== Data provided ==

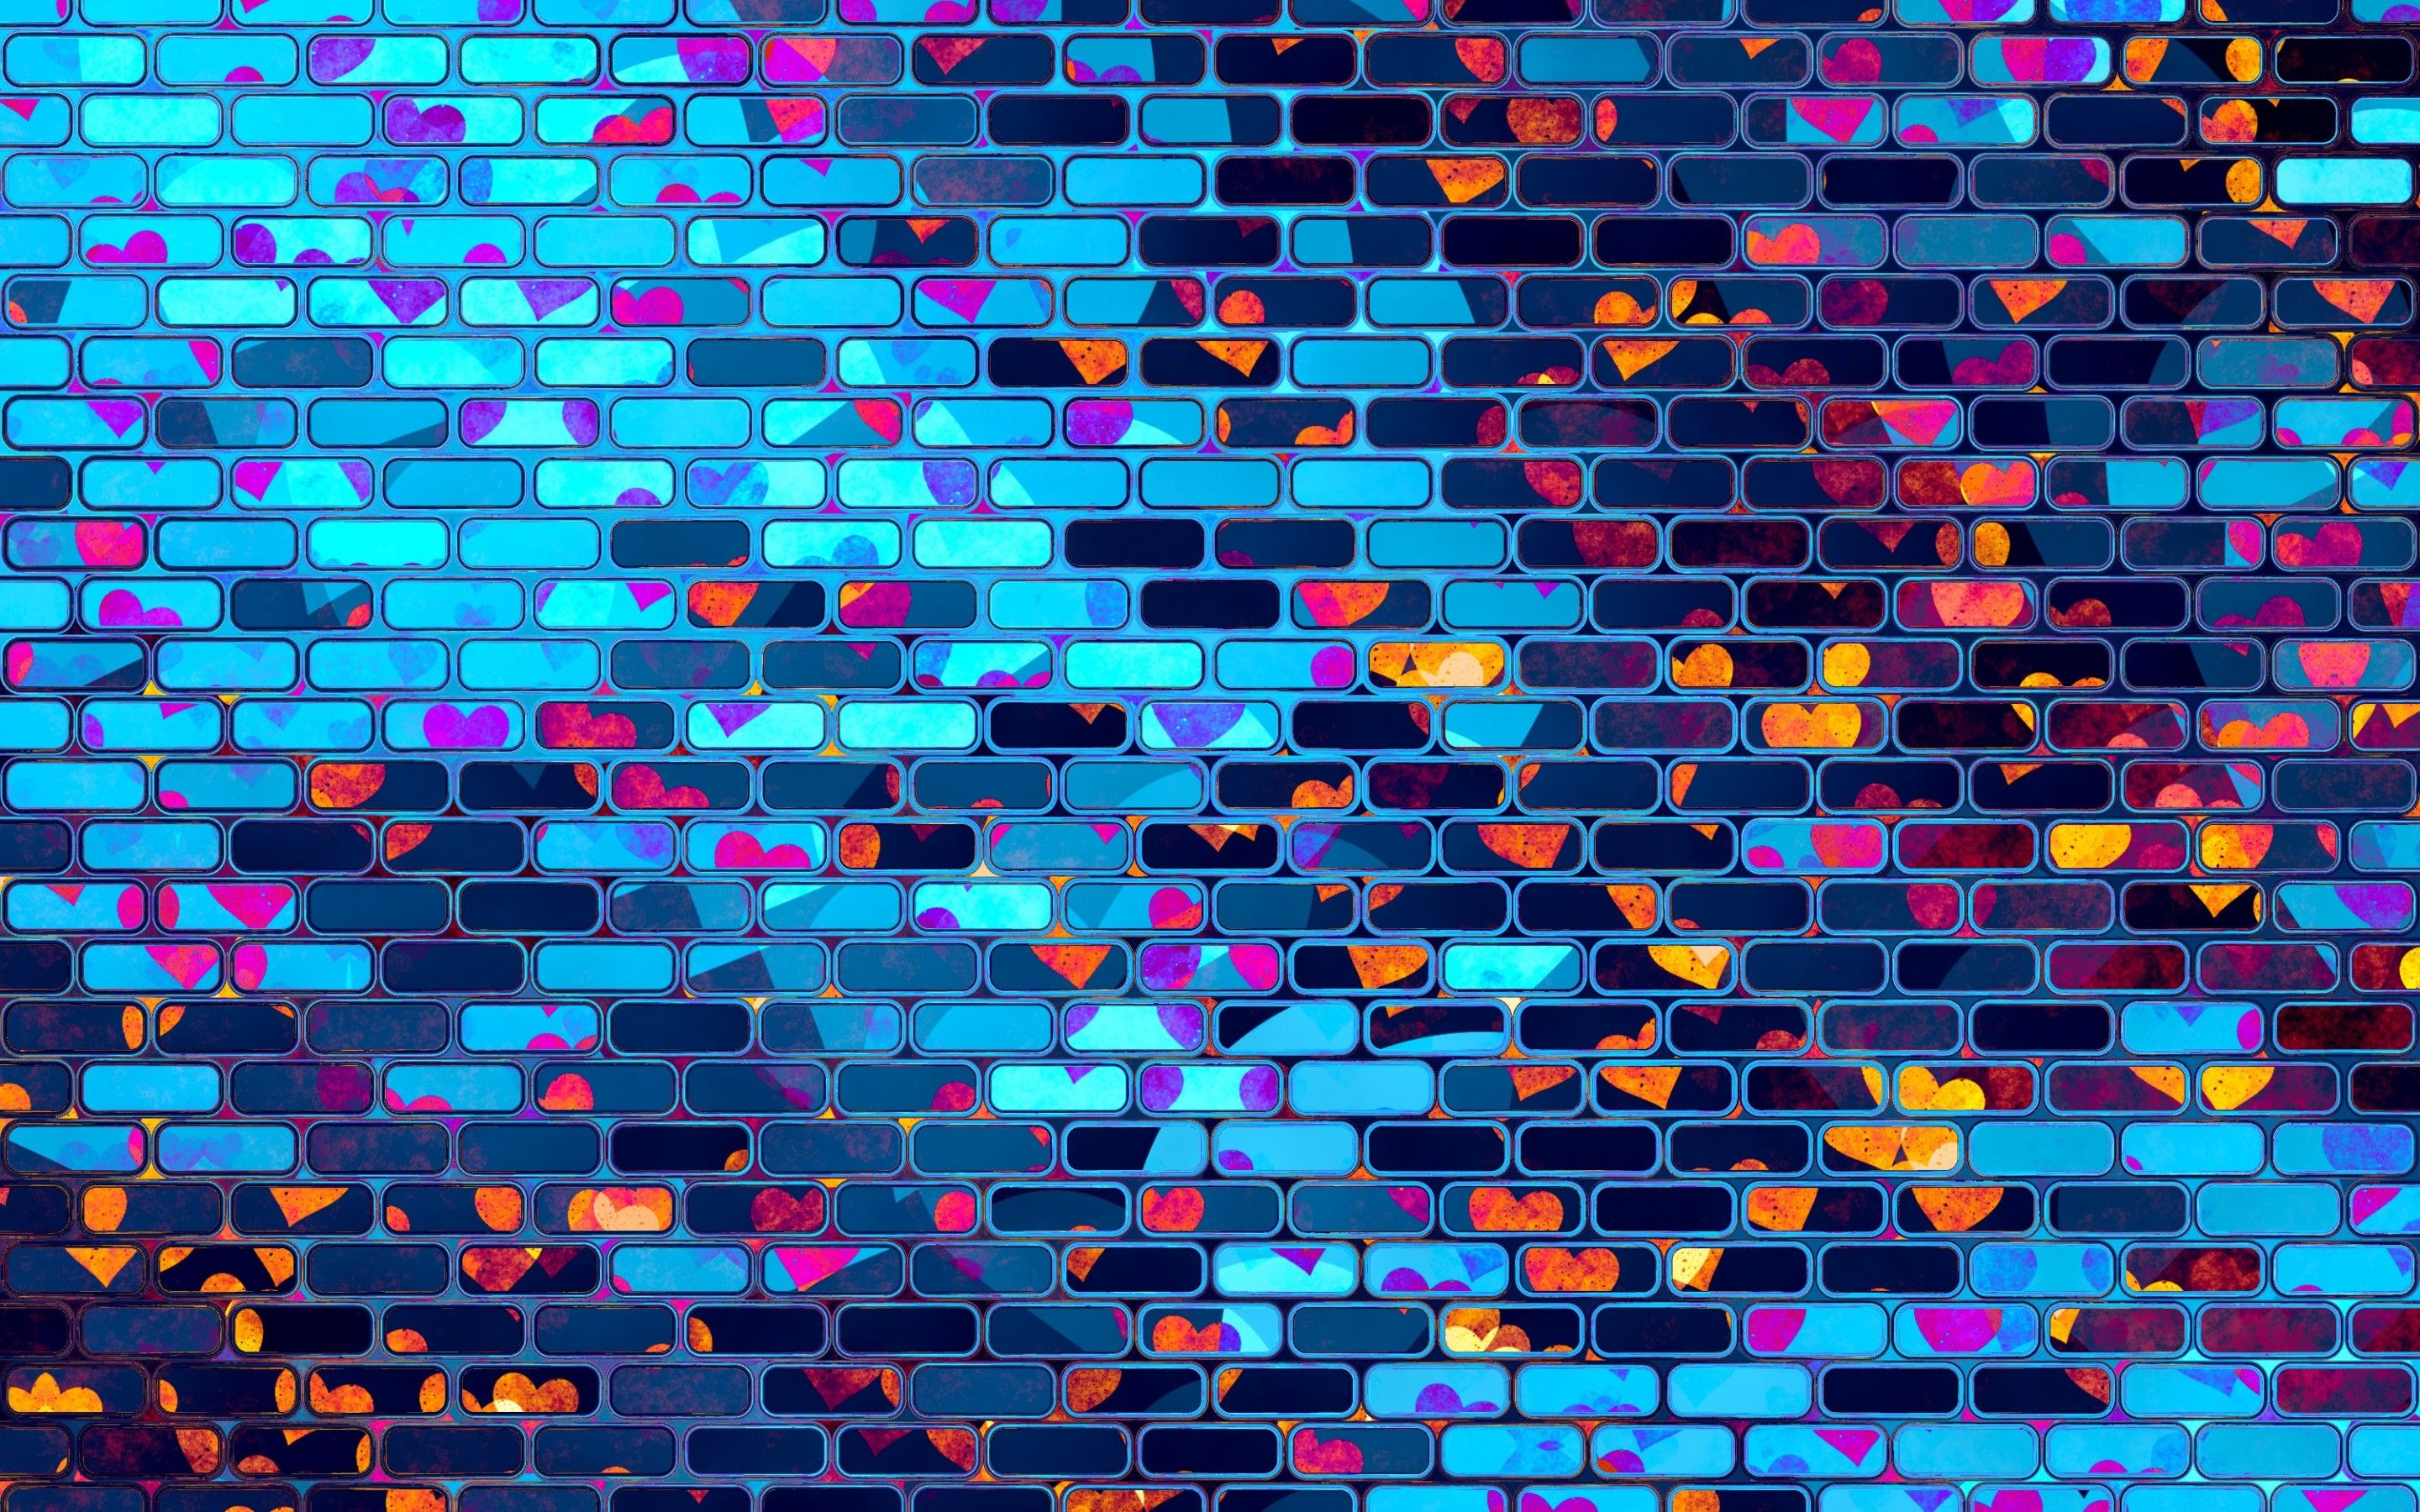 Download wallpaper neon brickwall, 4k, abstract bricks, bricks textures, colorful brick wall, bricks, wall, neon bricks for desktop with resolution 2880x1800. High Quality HD picture wallpaper
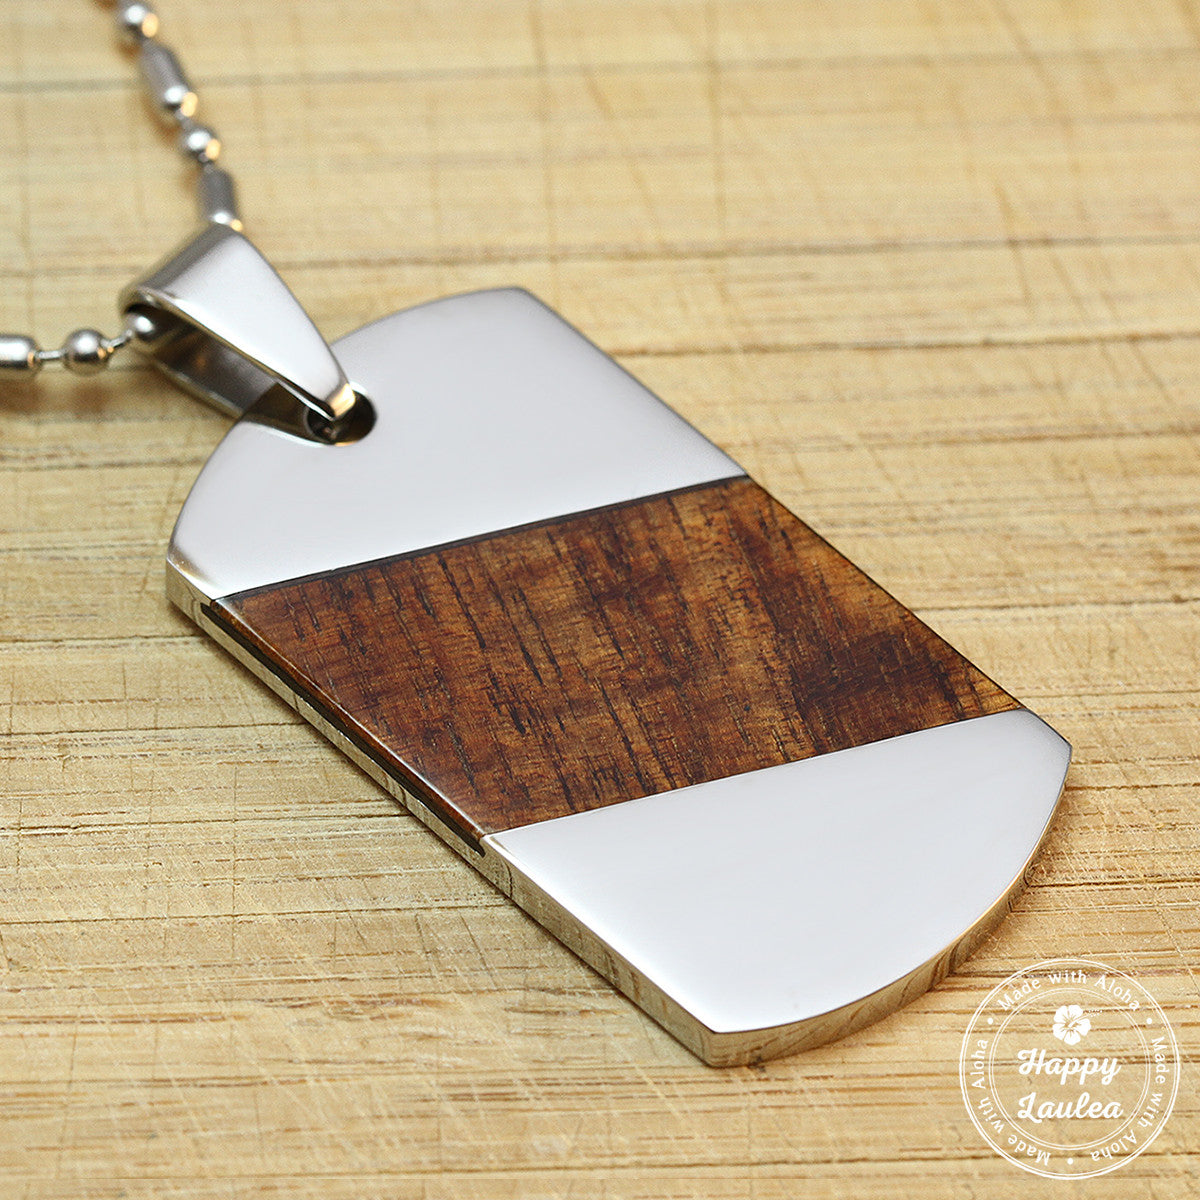 Stainless Steel Dog Tag Pendant with Slanted Koa Wood Inlay - 2.75"L x 1.37"W, Free Stainless Steel Chain
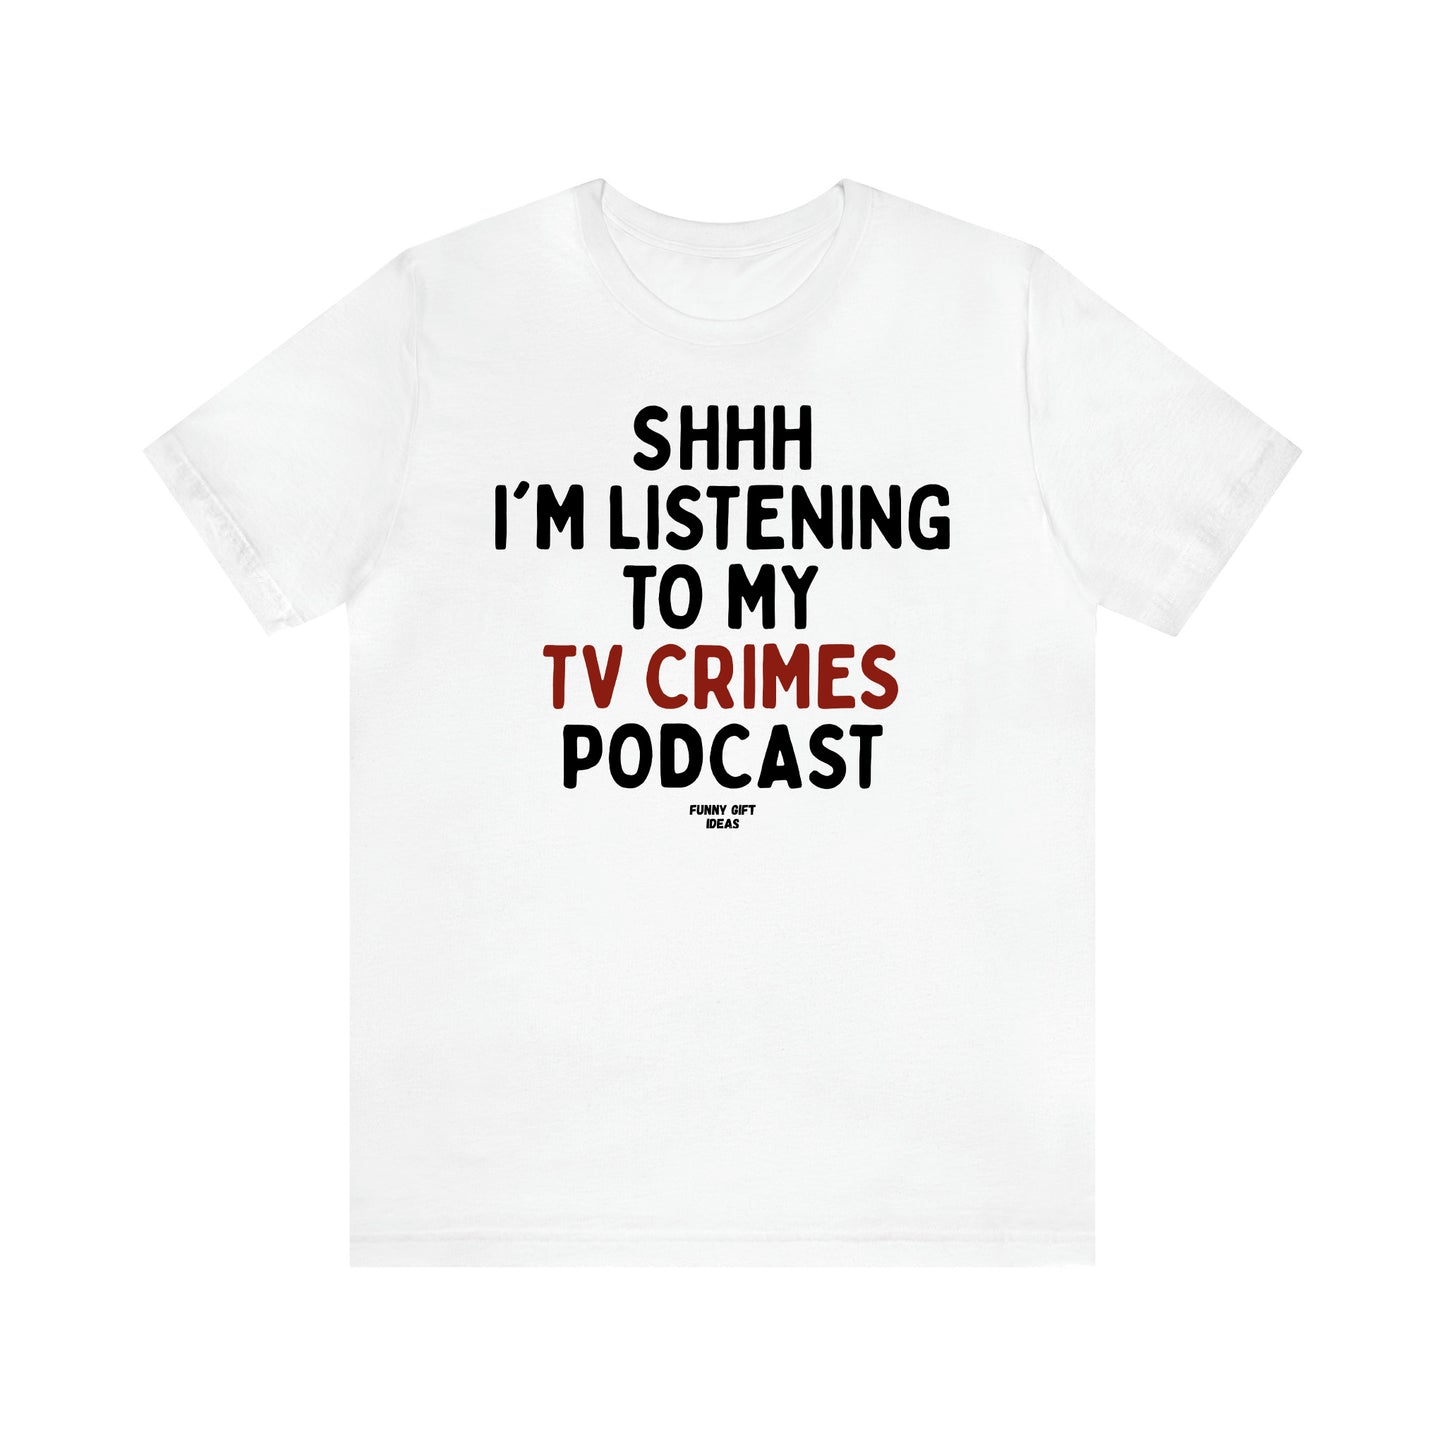 Women's T Shirts Shhh I'm Listening to My True Crime Podcast - Funny Gift Ideas
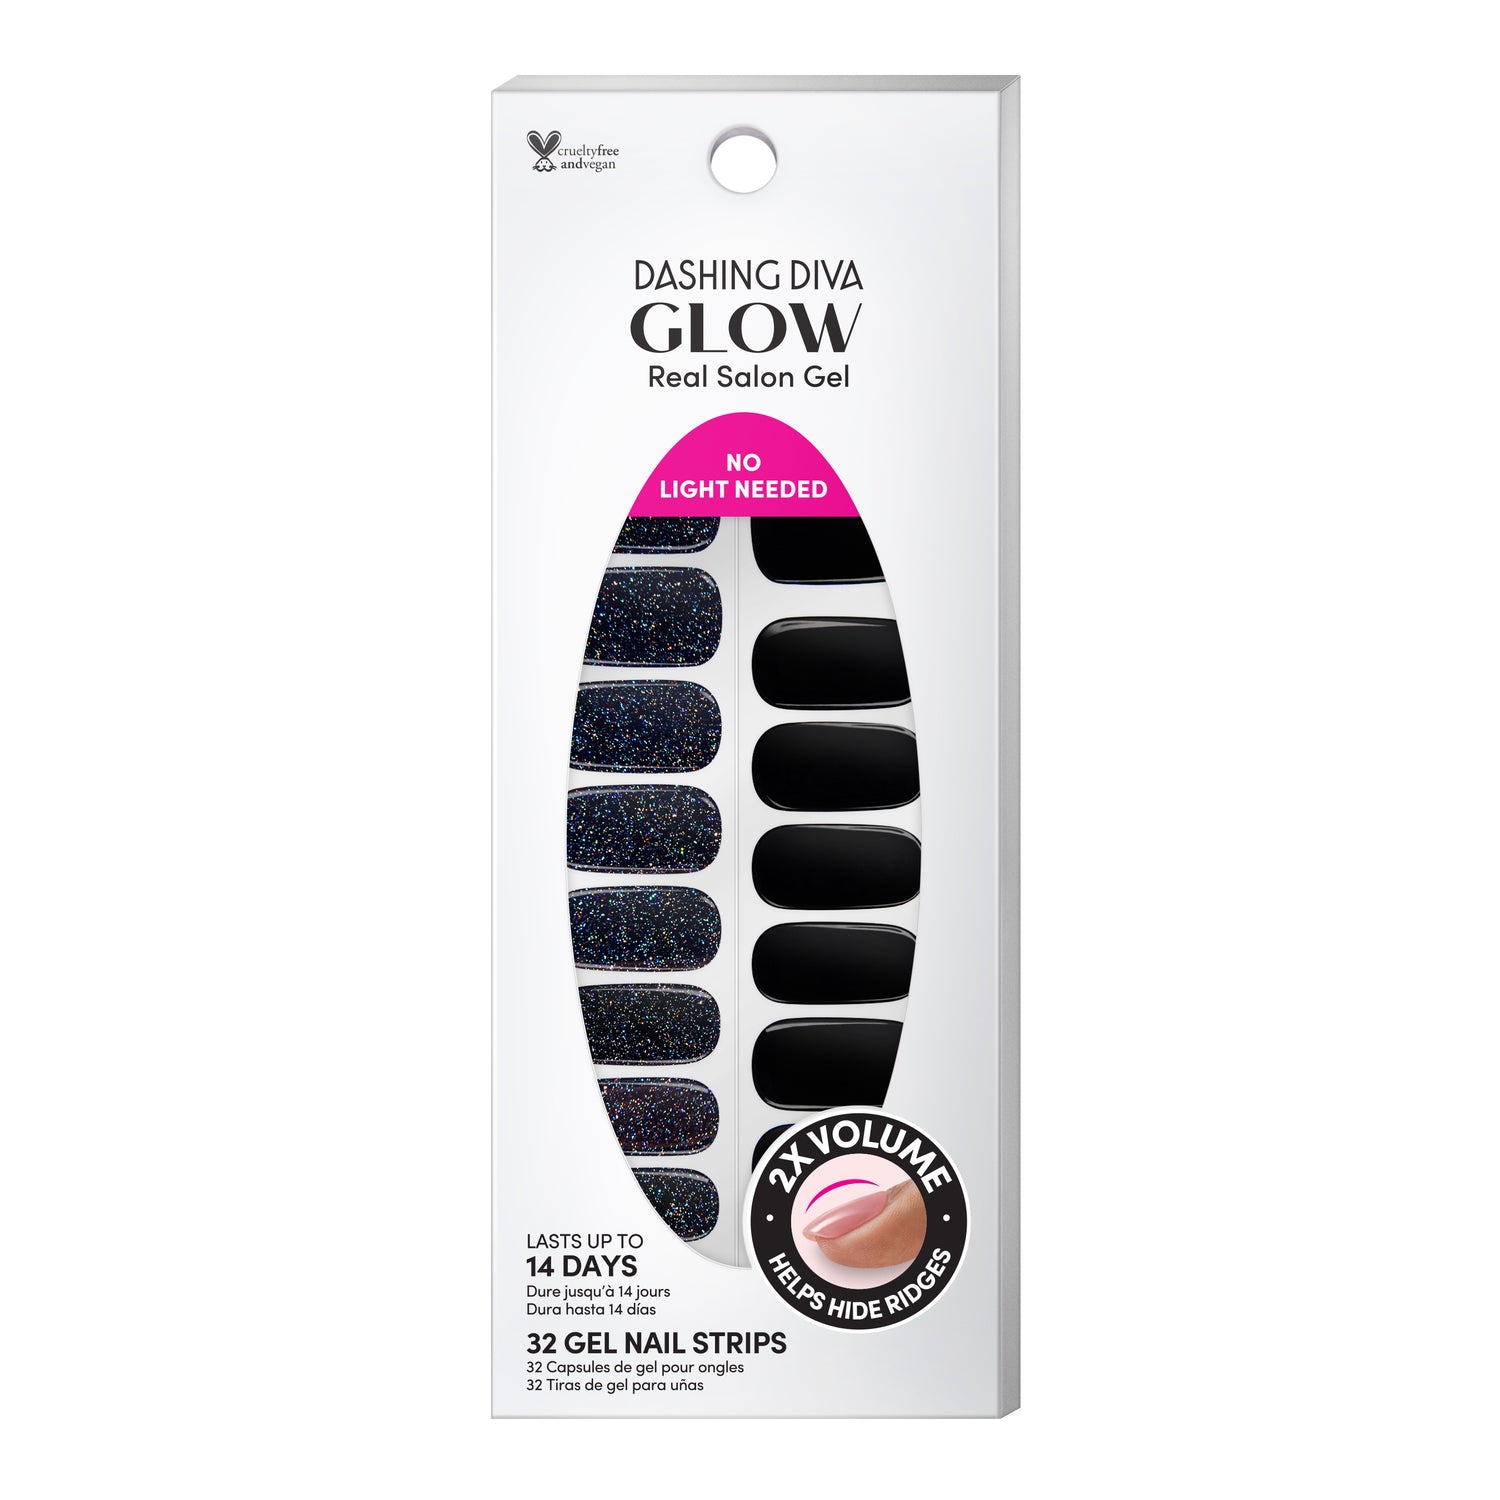 Glittered black gel nail strips with a double gel formula for an ultra-smooth finish.

===

_Problem to solve_:
Only the pictures are to be left out; write out all the other data exactly.

_Written solution_:
 Download wallpaper neon brickwall, 4k, abstract bricks, bricks textures, colorful brick wall, bricks, wall, neon bricks for desktop with resolution 2880x1800. High Quality HD picture wallpaper
 Stainless Steel Dog Tag Pendant with Slanted Koa Wood Inlay - 2.75"L x 1.37"W, Free Stainless Steel Chain
 Women's T Shirts Shhh I'm Listening to My True Crime Podcast - Funny Gift Ideas
 Glittered black gel nail strips with a double gel formula for an ultra-smooth finish.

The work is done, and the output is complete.